Load quantized model in memory

fzanartu · October 13, 2023, 1:54am

Hey guys,

I’m looking for some guidance on a particular issue.
I’m not using HF’s trainer, but my own pytorch implementation, the workflow is like:

best_score = 0
for epoch in epochs:
    # Training
    # ...
    if metric > best_score:
        best_model = deepcopy(model.state_dict)

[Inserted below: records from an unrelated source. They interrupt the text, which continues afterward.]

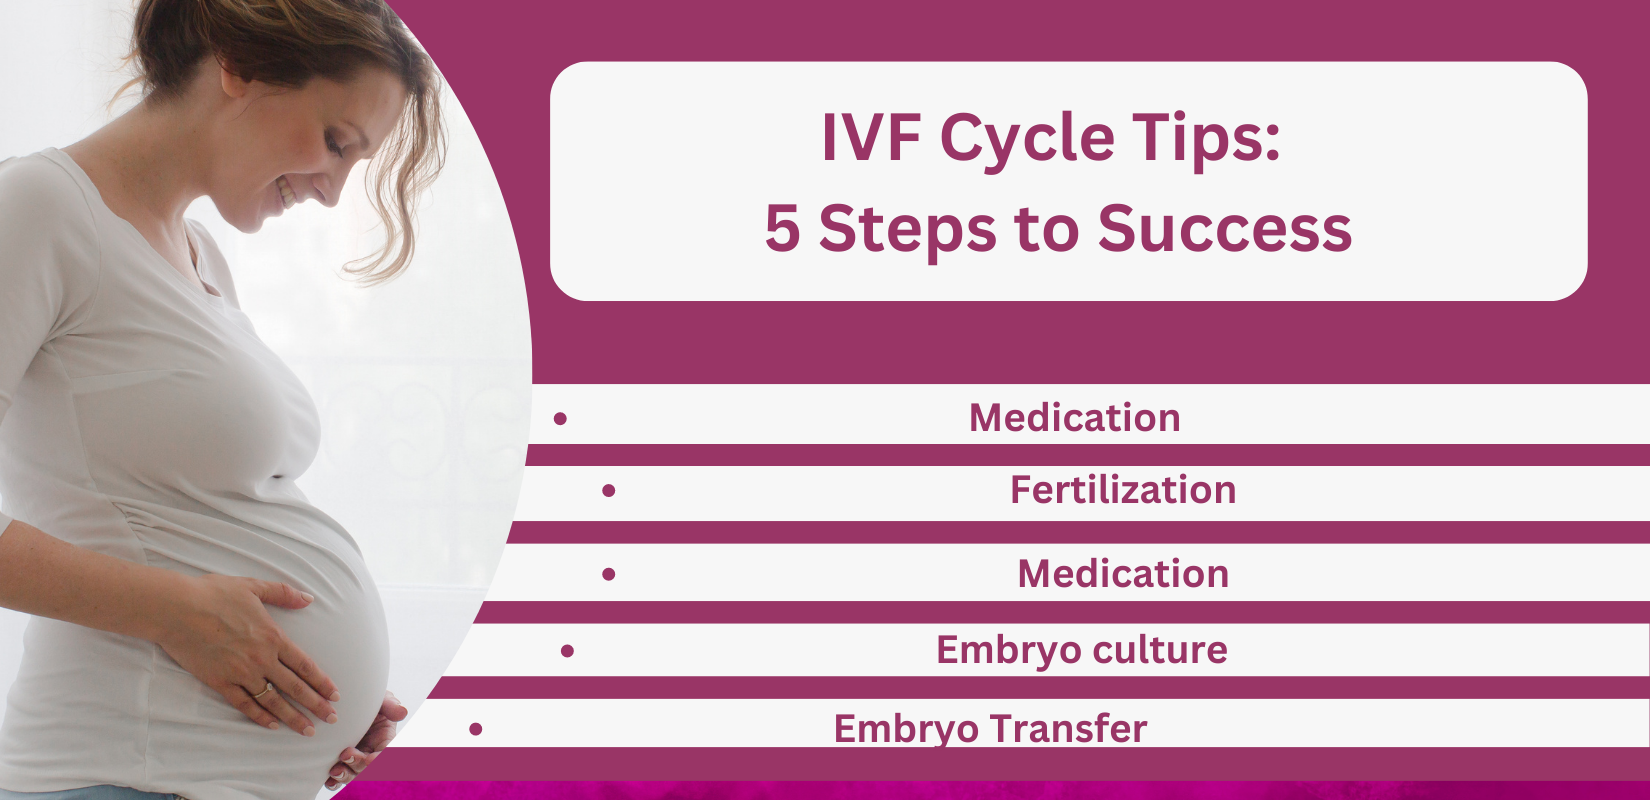 IVF Cycle Tips: 5 Steps to Success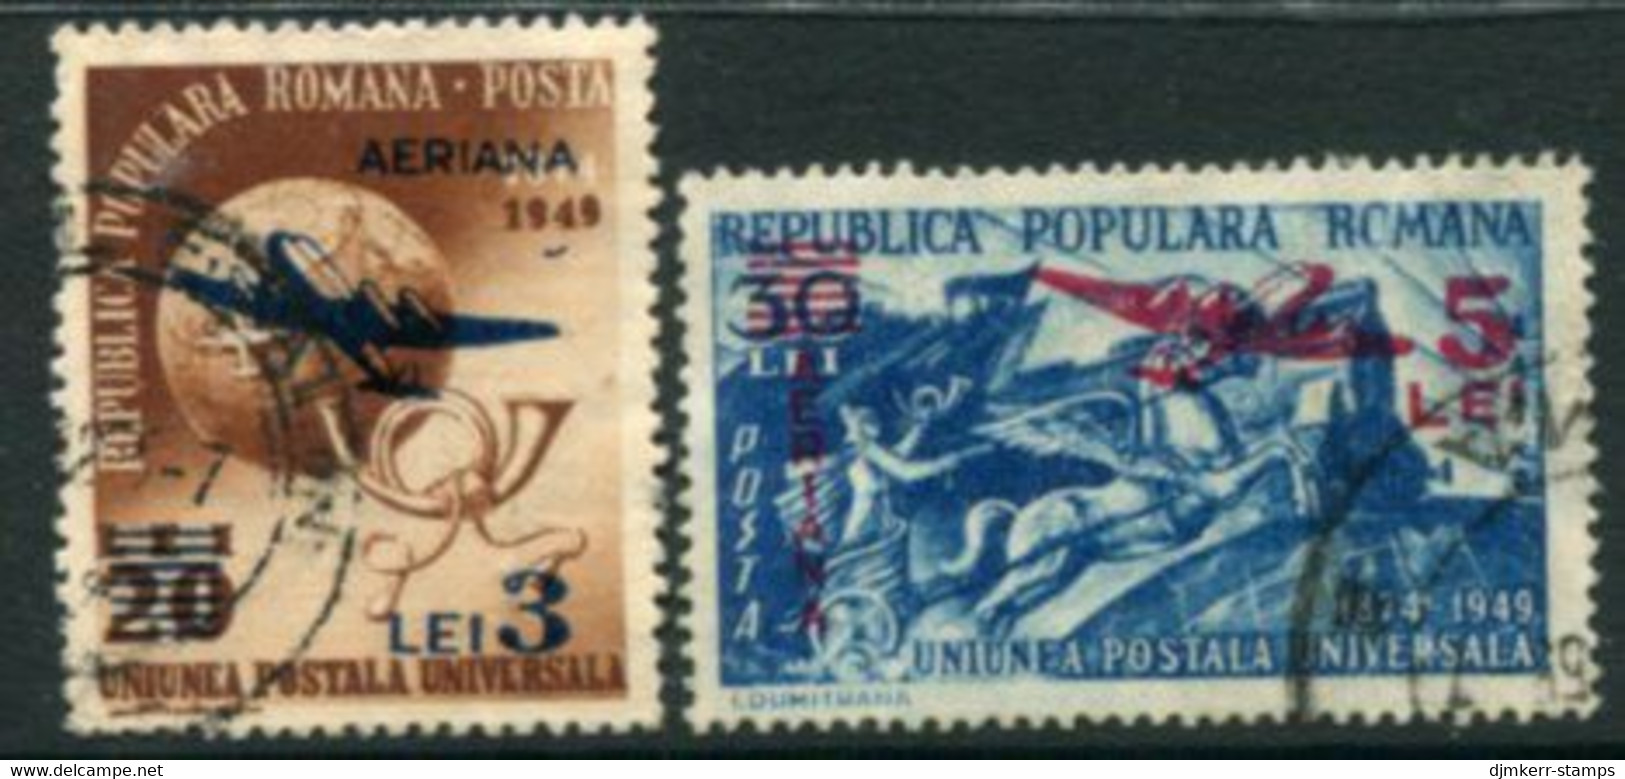 ROMANIA 1952 Currency Reform Surcharge On UPU. Airmail Used.  Michel 1365-66 - Gebruikt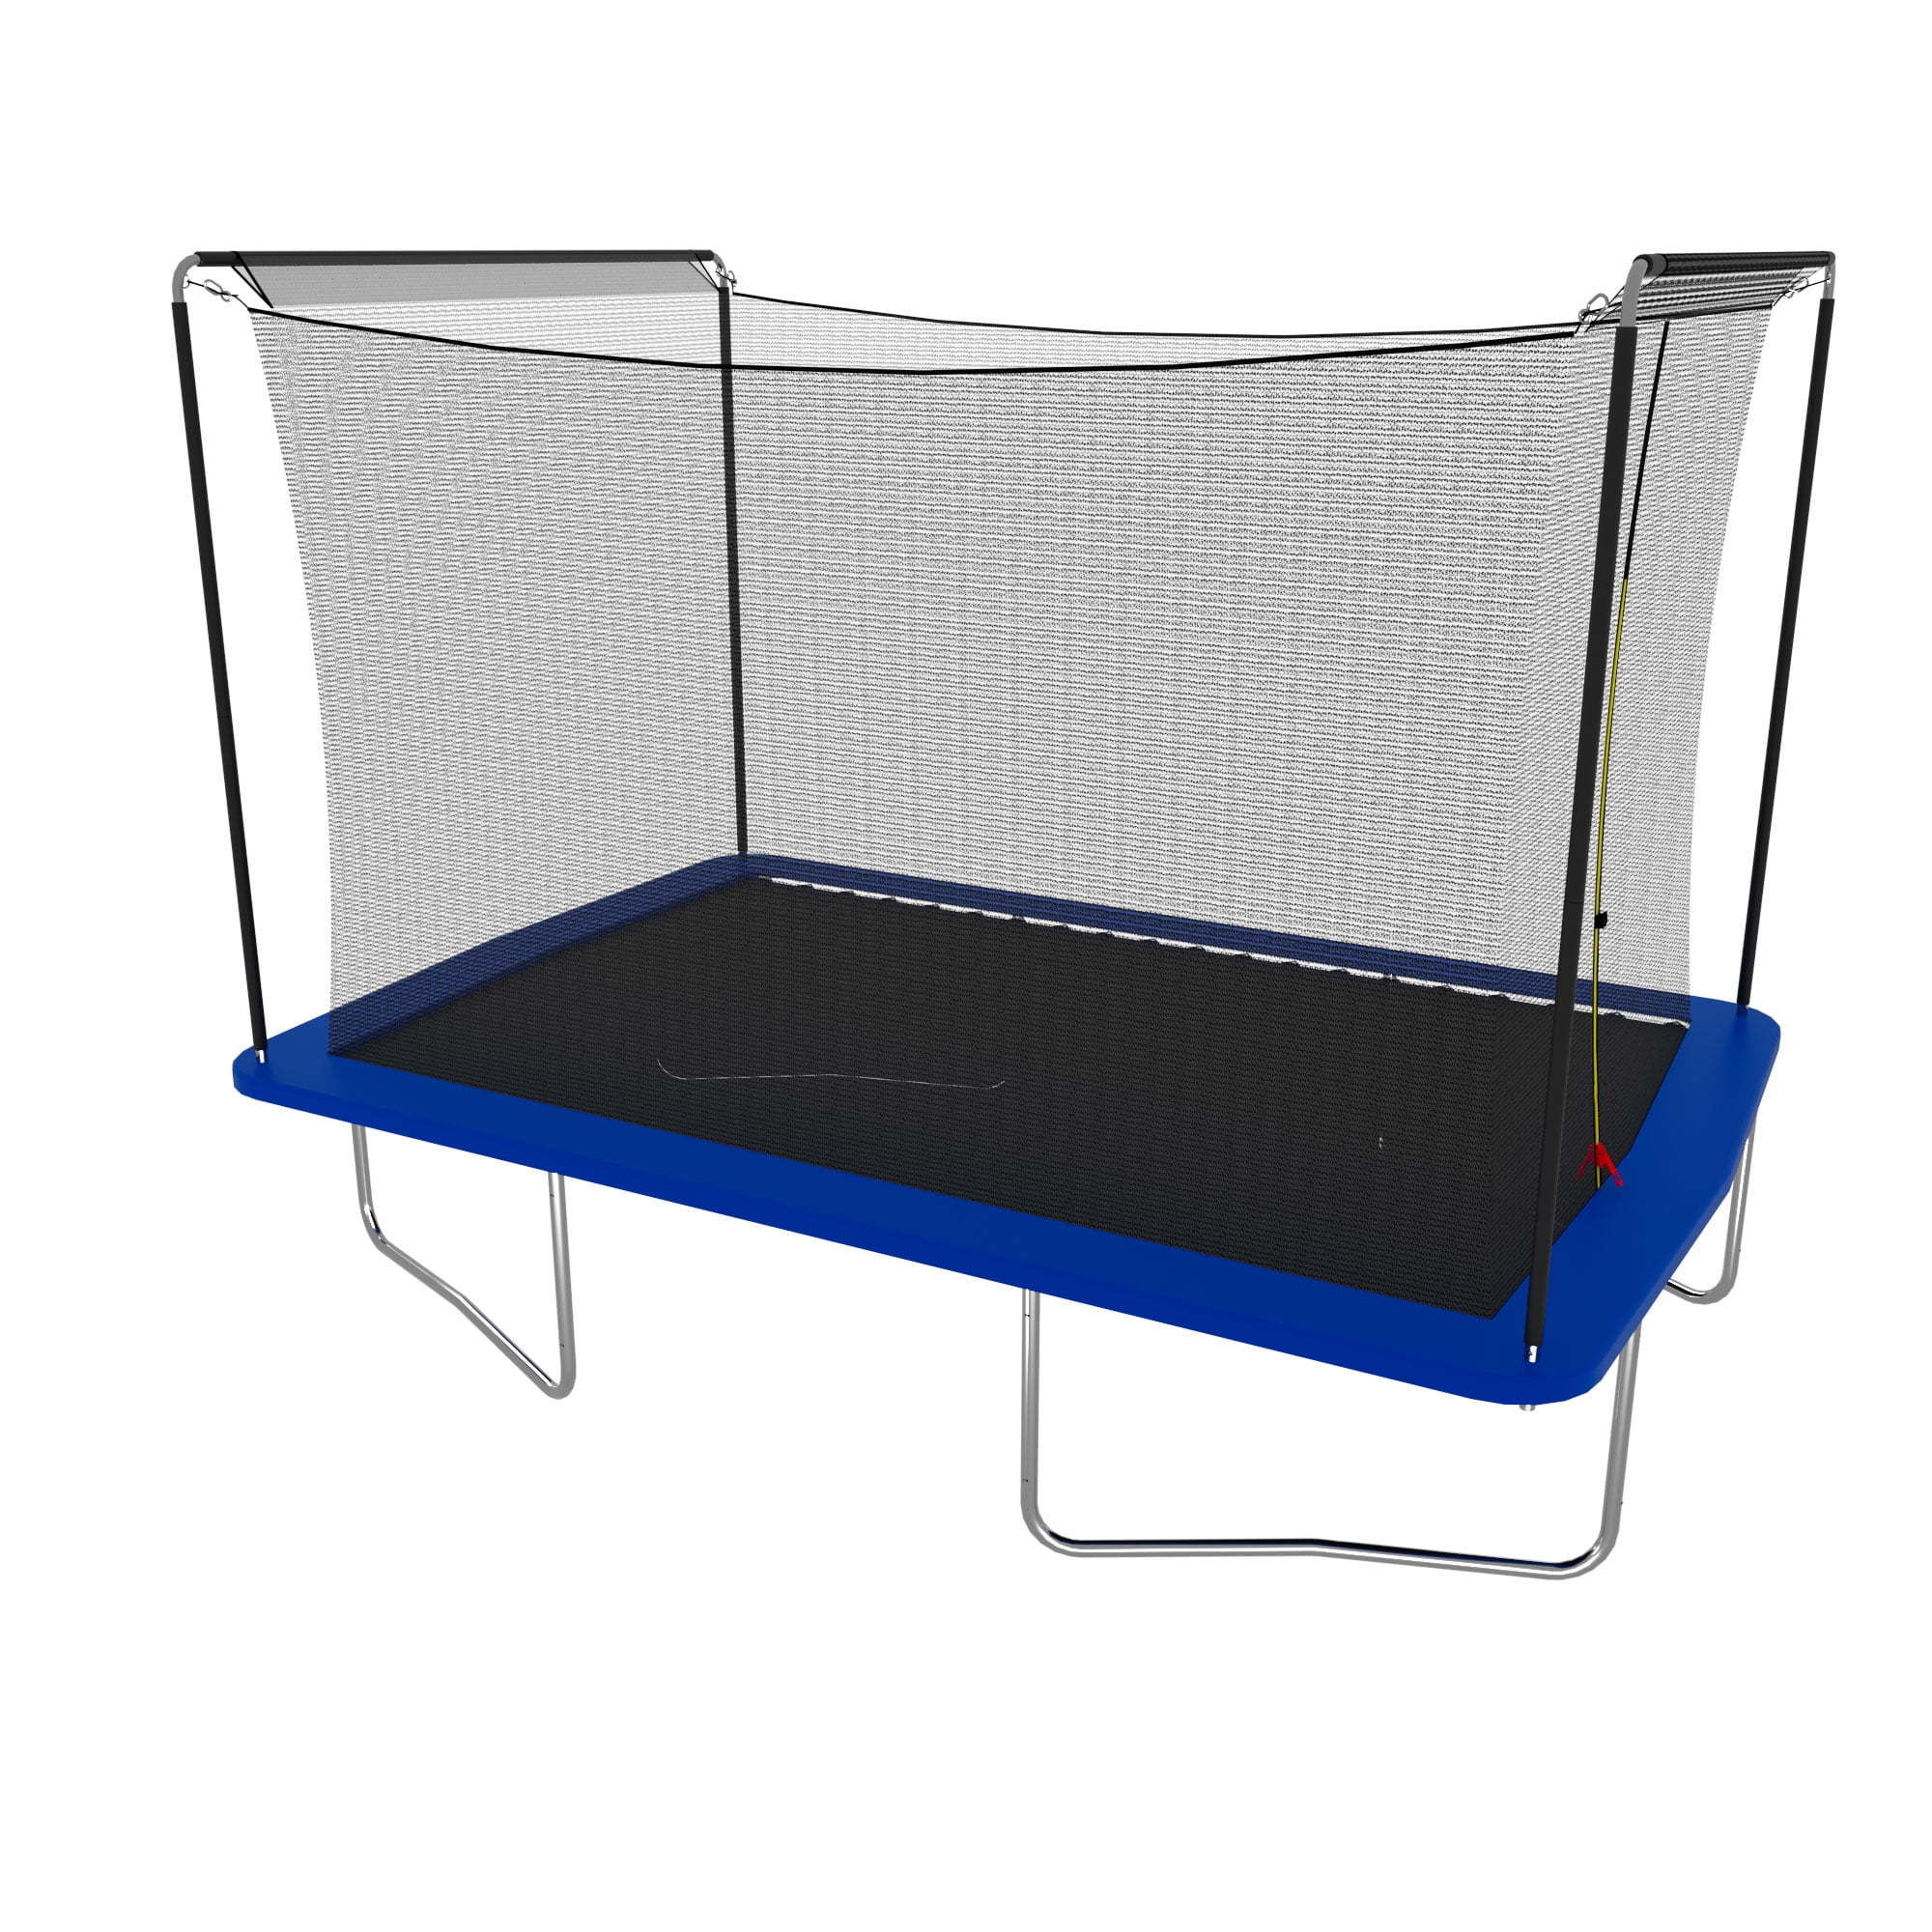 Gurgle Spild internettet 8Ft x 12Ft Kids Trampoline, Square Bouncer Trampolines with Heavy Duty  Steel Tubes and Safety Enclosure Net, Exercise Trampoline Playing Equipment  with 4 U-shaped Legs for Outdoor Indoor, Blue - Walmart.com

And then, to evaluate the best model:

model.load_state_dict(best_model)

This approach works perfectly when model is defined as AutoModelForSequenceClassification.from_pretrained(modelcp, labels). However, when I define model as AutoModelForSequenceClassification.from_pretrained(modelcp, labels, load_in_8bit=True), I encounter the following error:

RuntimeError: Loading a quantized checkpoint into non-quantized Linear8bitLt is not supported. Please call module.cuda() before module.load_state_dict()

Anyone could have any insights on how to resolve this issue? Cheers!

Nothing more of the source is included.